Isso não quer dizer que existam problemas graves com o orçamento: tanto as receitas como os pagamentos efectuados em 2017 foram “legais e regulares”, frisa o TCE. “Na opinião do Tribunal, as contas consolidadas da UE relativas ao exercício encerrado em 31 de Dezembro de 2017 reflectem fielmente, em todos os aspectos materialmente relevantes, a sua situação financeira, os resultados das suas operações, os fluxos de caixa, bem como a variação da situação líquida do exercício então encerrado”, diz o relatório.
As contas publicadas pela Comissão colocam o resultado económico de 2017 nos 8,1 mil milhões de euros: a 31 de Dezembro, o passivo total representava 236,5 mil milhões de euros, comparados com os 166,2 mil milhões de euros do activo total.

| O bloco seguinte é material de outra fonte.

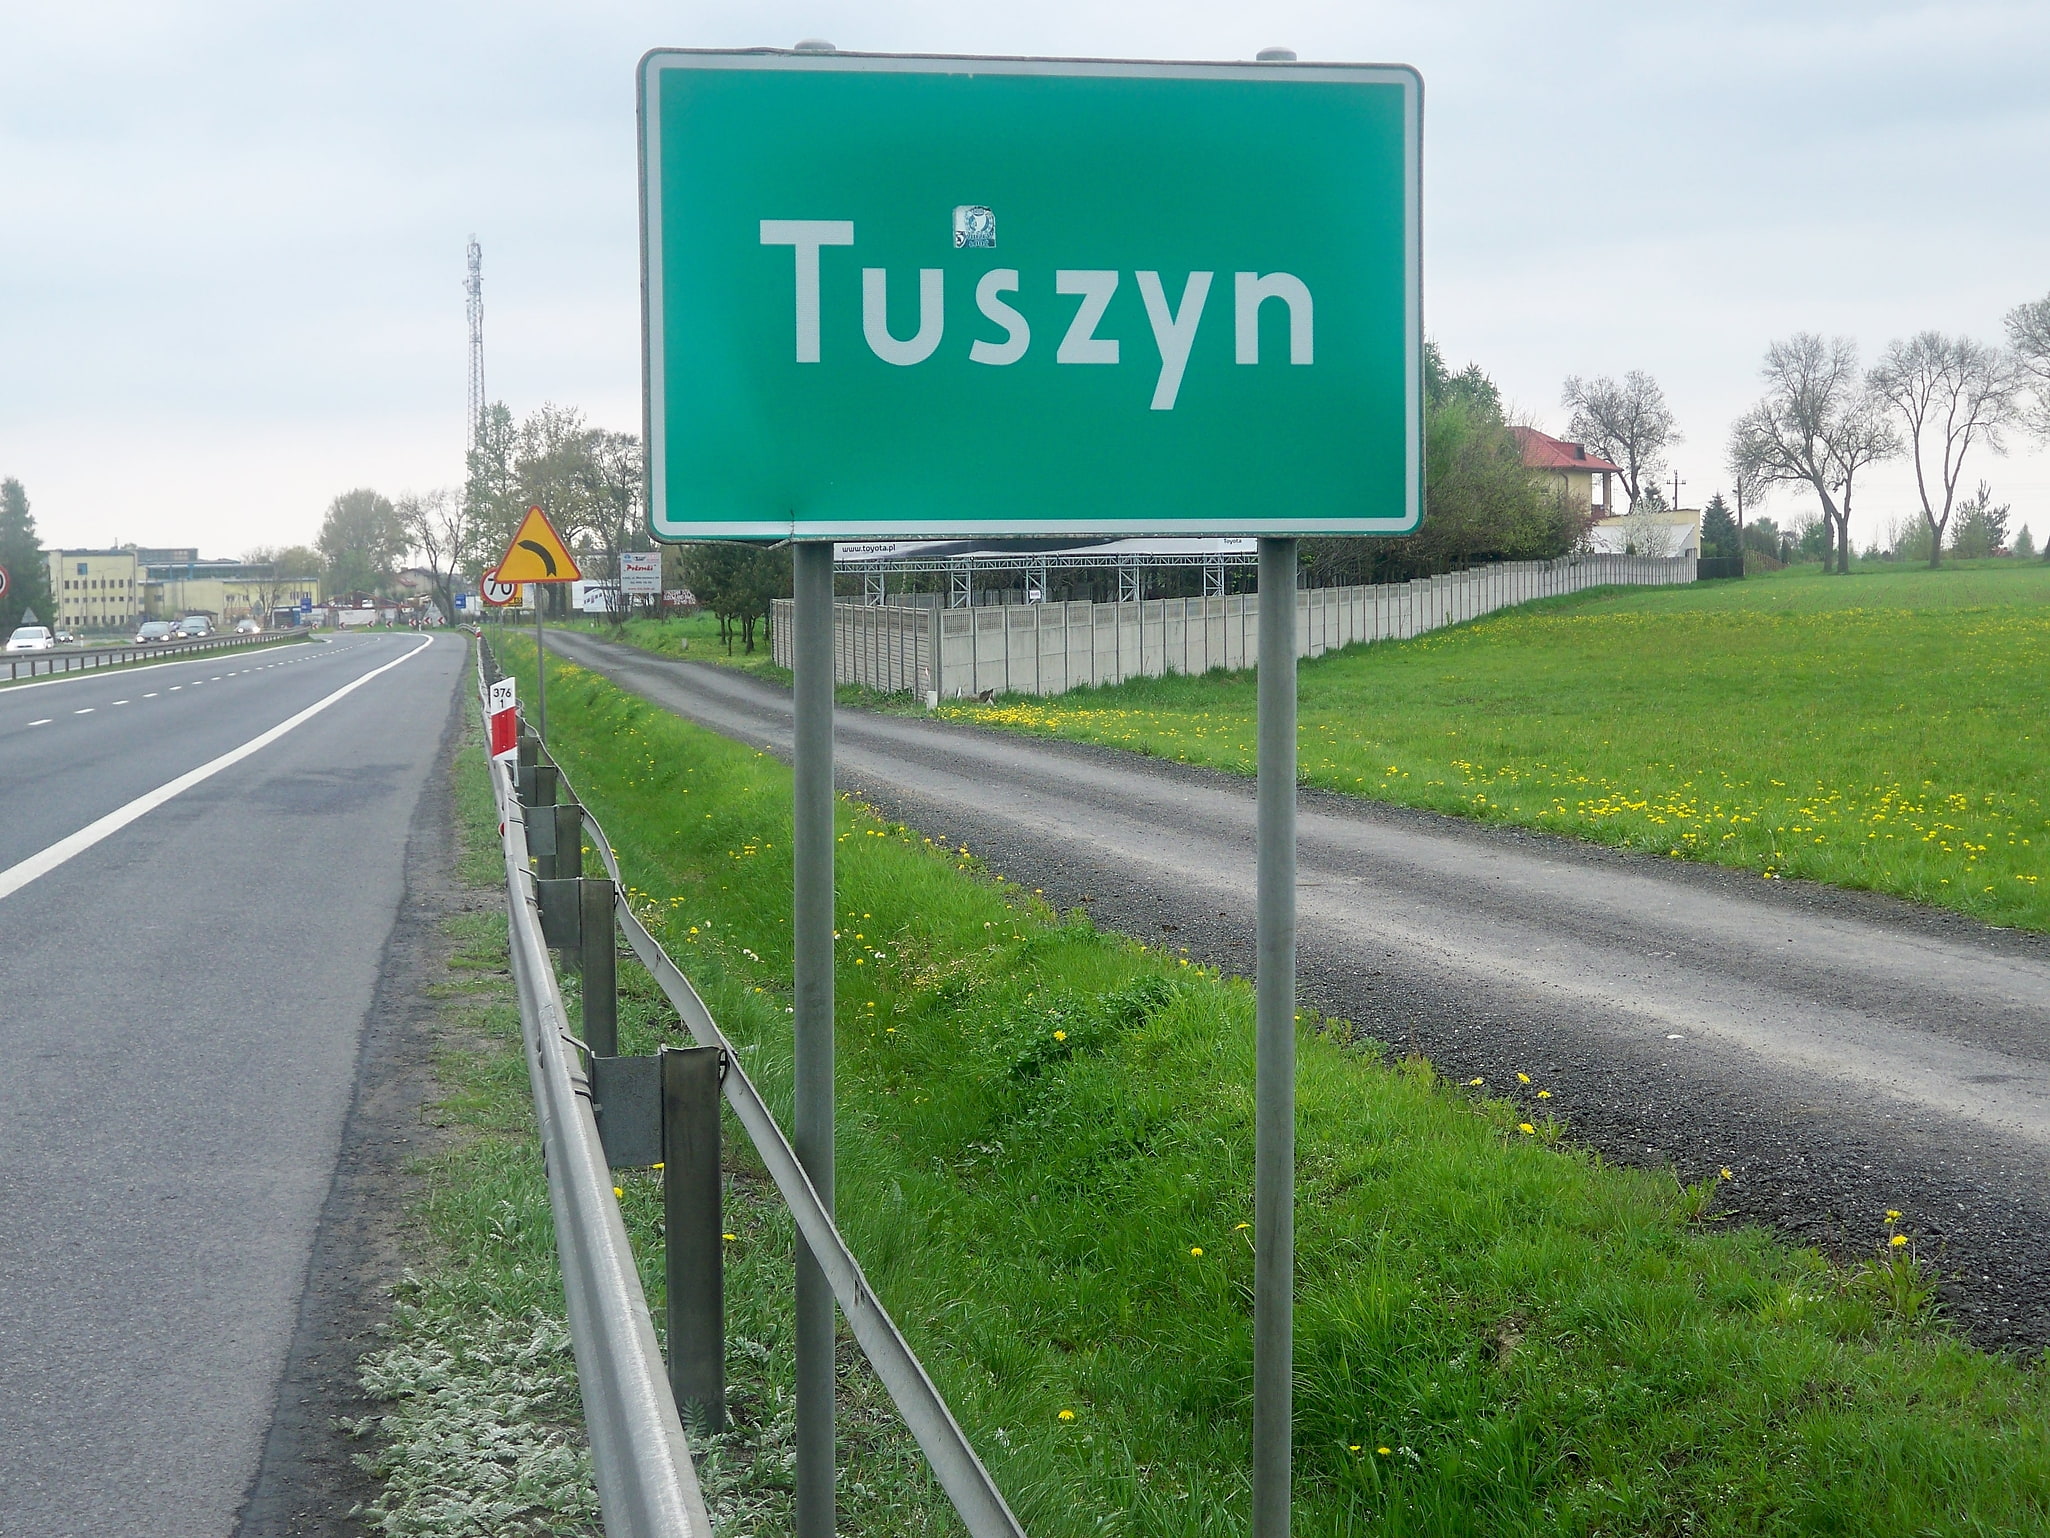 Tuszyn, Poland

Mas ainda que o orçamento espelhe de forma “verdadeira e transparente” a posição financeira da UE, o presidente do TCE, Klaus-Heiner Lehne, considera que os números escondem um desajustamento entre as expectativas das instituições europeias e dos Estados membros e a realidade. “Recomendaria, por isso, maior prudência na elaboração dos orçamentos, para que não se façam promessas e criem expectativas que depois não são concretizadas ou não produzem os resultados esperados”, disse aos jornalistas.

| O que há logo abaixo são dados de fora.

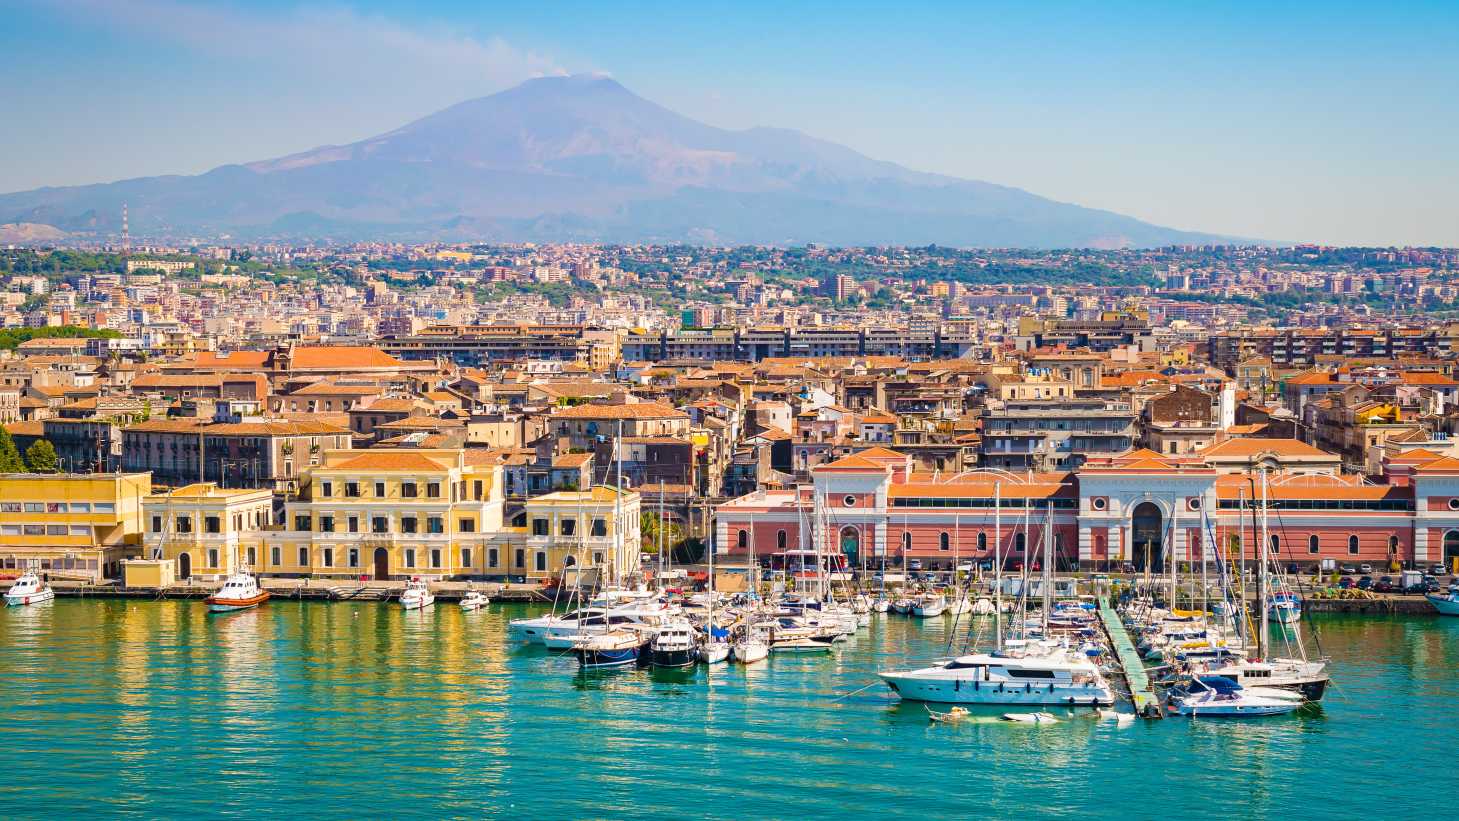 Blick auf den Kreuzfahrthafen von Catania, den Sie während Ihres Aufenthalts entdecken können.

“O quadro financeiro plurianual tem de ser realista, e o discurso também: a UE não deve prometer mais o que pode cumprir, porque isso reduz a sua credibilidade e a confiança dos cidadãos. Quando há largas quantidades por liquidar, é porque há alguma coisa errada no sistema. É preciso corrigir essa situação”, apelou Lehne, que pensa que a UE deve fazer uma reflexão profunda e rever os processos que levam à elaboração dos quadros plurianuais. “São exercícios baseados em projecções quase sempre ultrapassadas pela realidade”, notou.

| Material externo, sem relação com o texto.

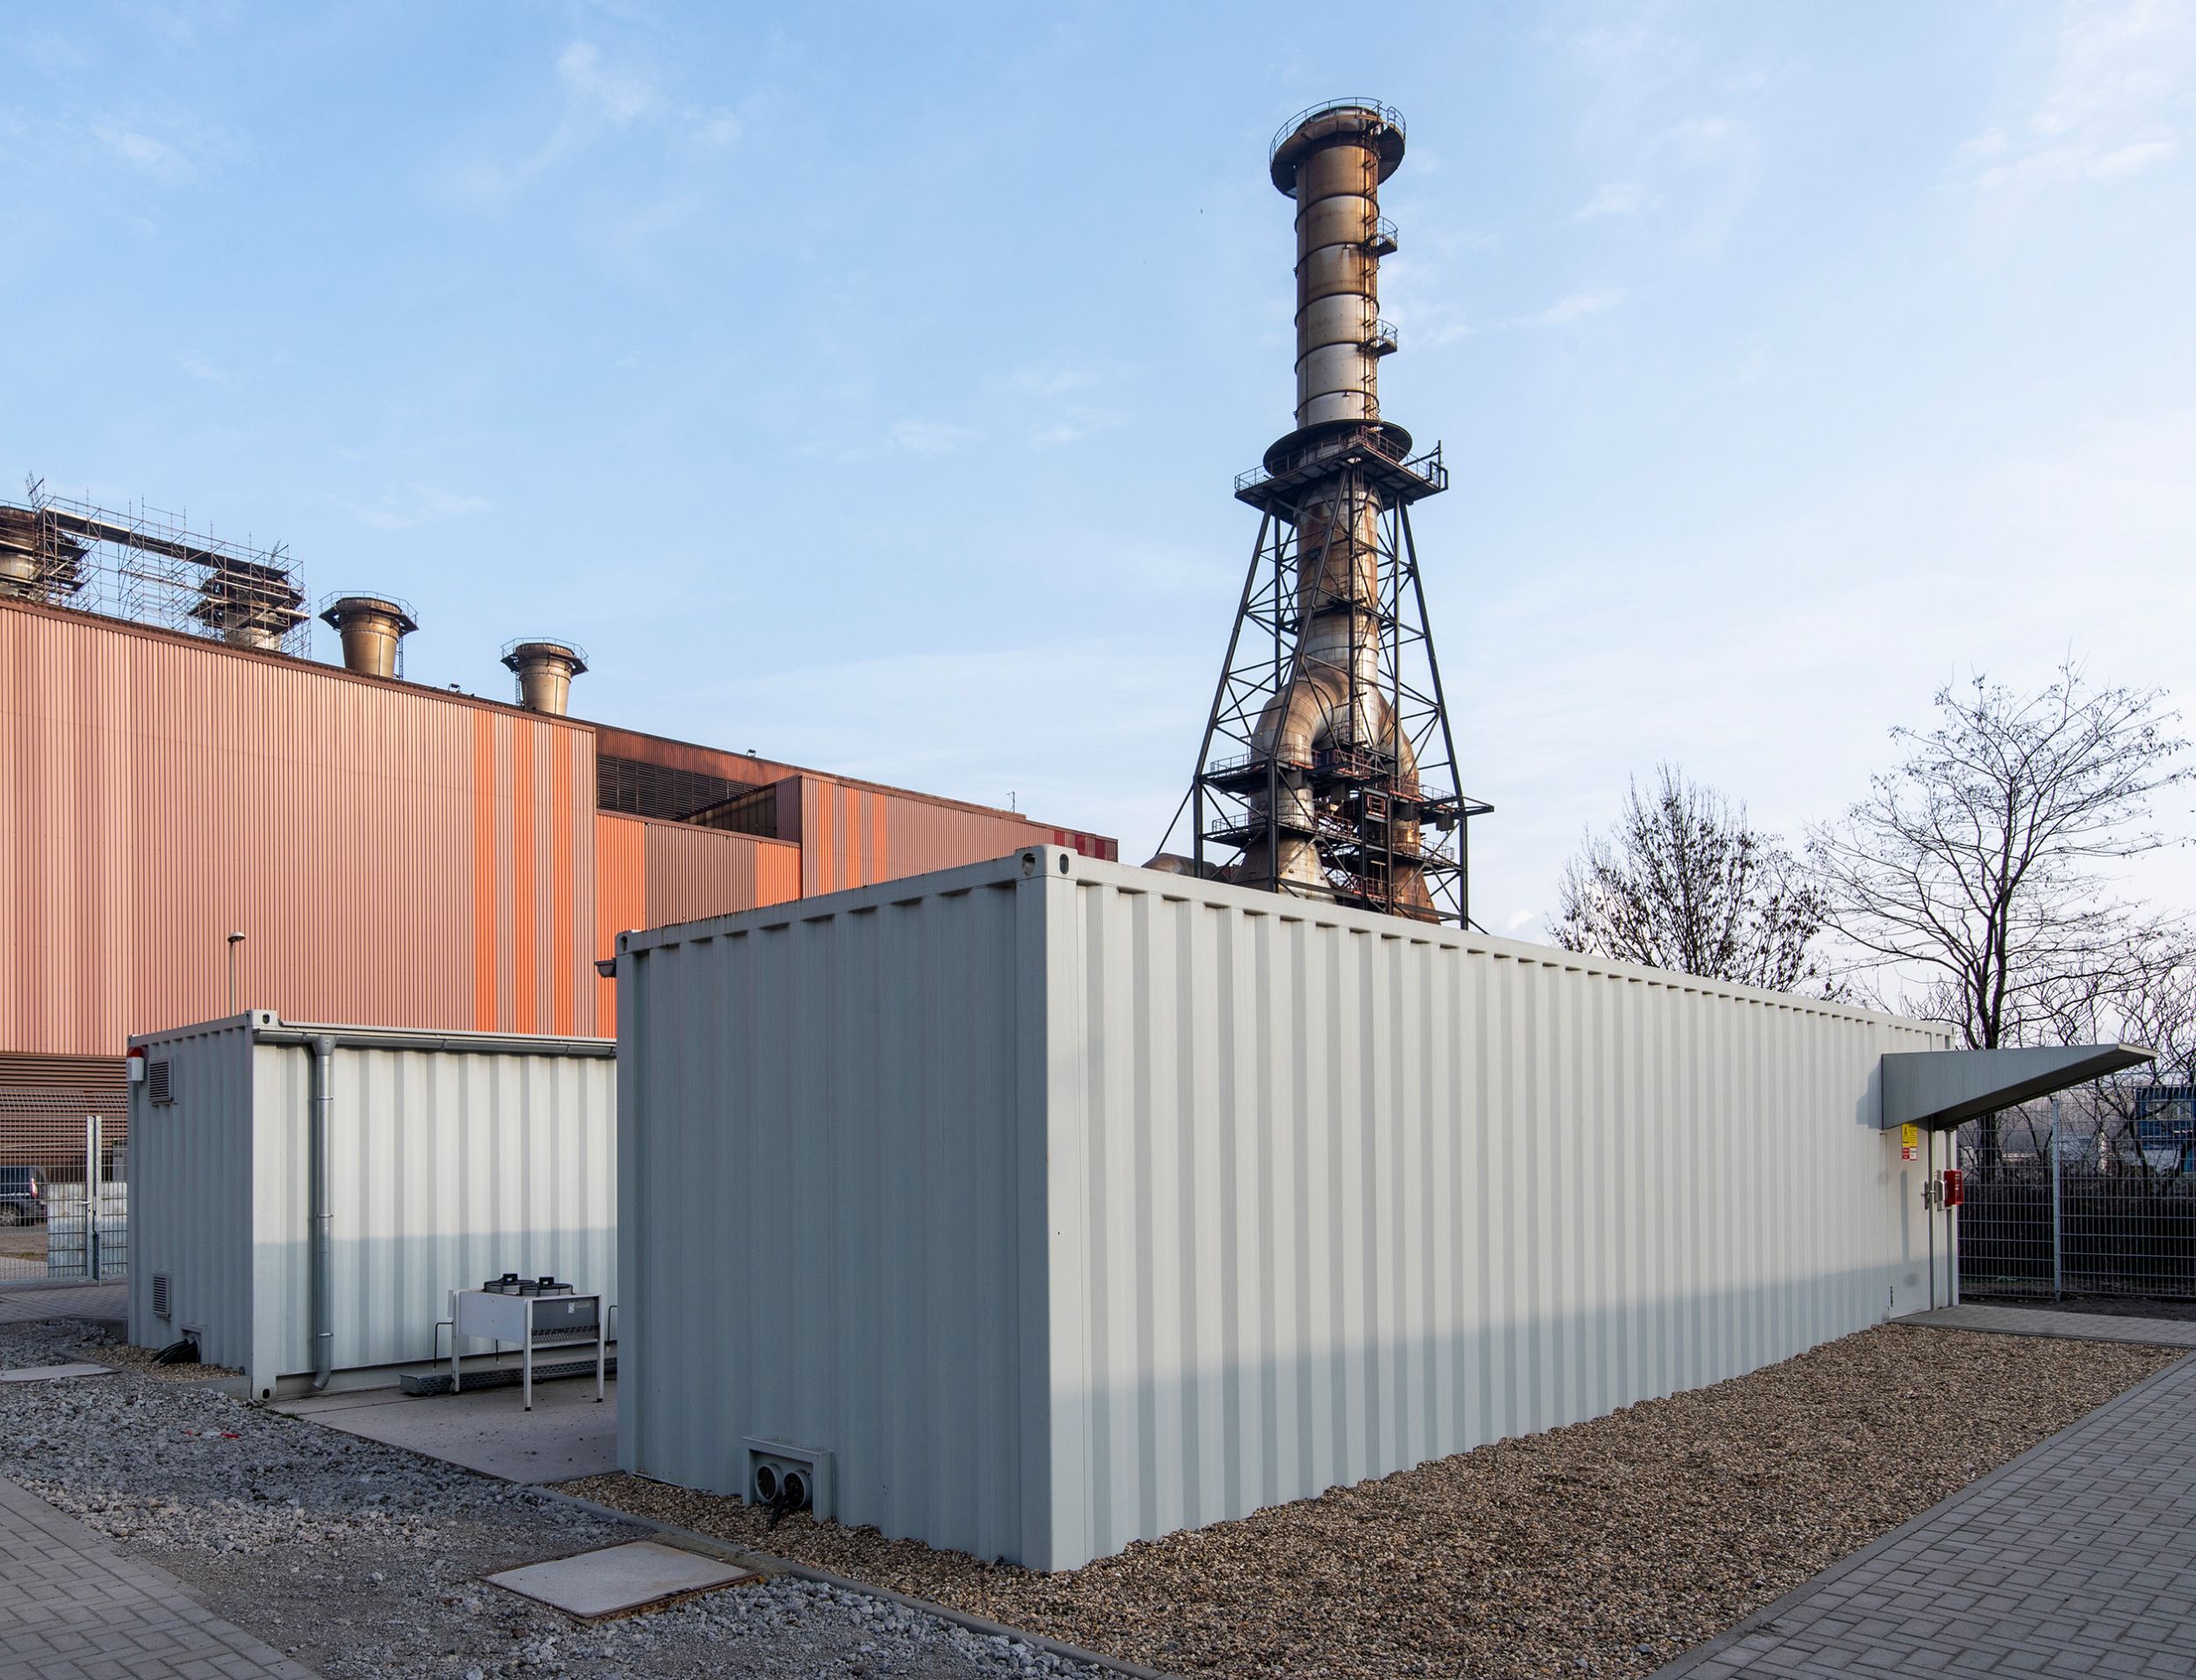 Die standardisierten Data Center Container von Rittal unterstützen Thyssenkrupp Steel bei der Digitalisierung produktionsnaher Prozesse. (Bild: Rittal GmbH & Co. KG)

Em relação ao actual quadro financeiro plurianual, a principal preocupação do presidente do TCE tem a ver com o facto de, no quarto ano de vigência do orçamento, as autorizações de despesa permanecerem elevadas e os pagamentos seguirem reduzidos. Os auditores identificam várias razões para esta baixa taxa de execução: uma diminuição do número de pedidos submetidos pelos Estados membros, atrasos no desenvolvimento dos projectos, problemas no planeamento das acções ou dificuldades administrativas.
Para o TCE, um desafio particular continua a ser o da utilização plena dos recursos financeiros dedicados às reformas estruturais e ao investimento, que representam uma percentagem importante das despesas das administrações públicas. Segundo o relatório, “a Comissão constatou que os atrasos se deviam sobretudo ao encerramento do anterior QFP após a data prevista, à adopção tardia dos actos jurídicos e a dificuldades de adaptação às alterações substanciais introduzidas no actual QFP e respectiva execução”.
A lenta execução dos programas, nota o TCE, pode originar pressões sobre os limites máximos das dotações de pagamento, à medida que as necessidades de financiamento forem aumentando com a conclusão do prazo do quadro financeiro O risco, lê-se no relatório, é que em 2020 se verifique uma “acumulação anormal” de pagamentos em atraso e que as dotações sejam insuficientes para liquidar todos os pedidos. Porém, como lembrou Klaus-Heiner Lehne, existe uma janela de três anos para a utilização das verbas antes destas serem definitivamente dadas como perdidas. “O dinheiro não se vai perder, vai ser usado. Mas vai ser usado demasiado tarde”, lamentou.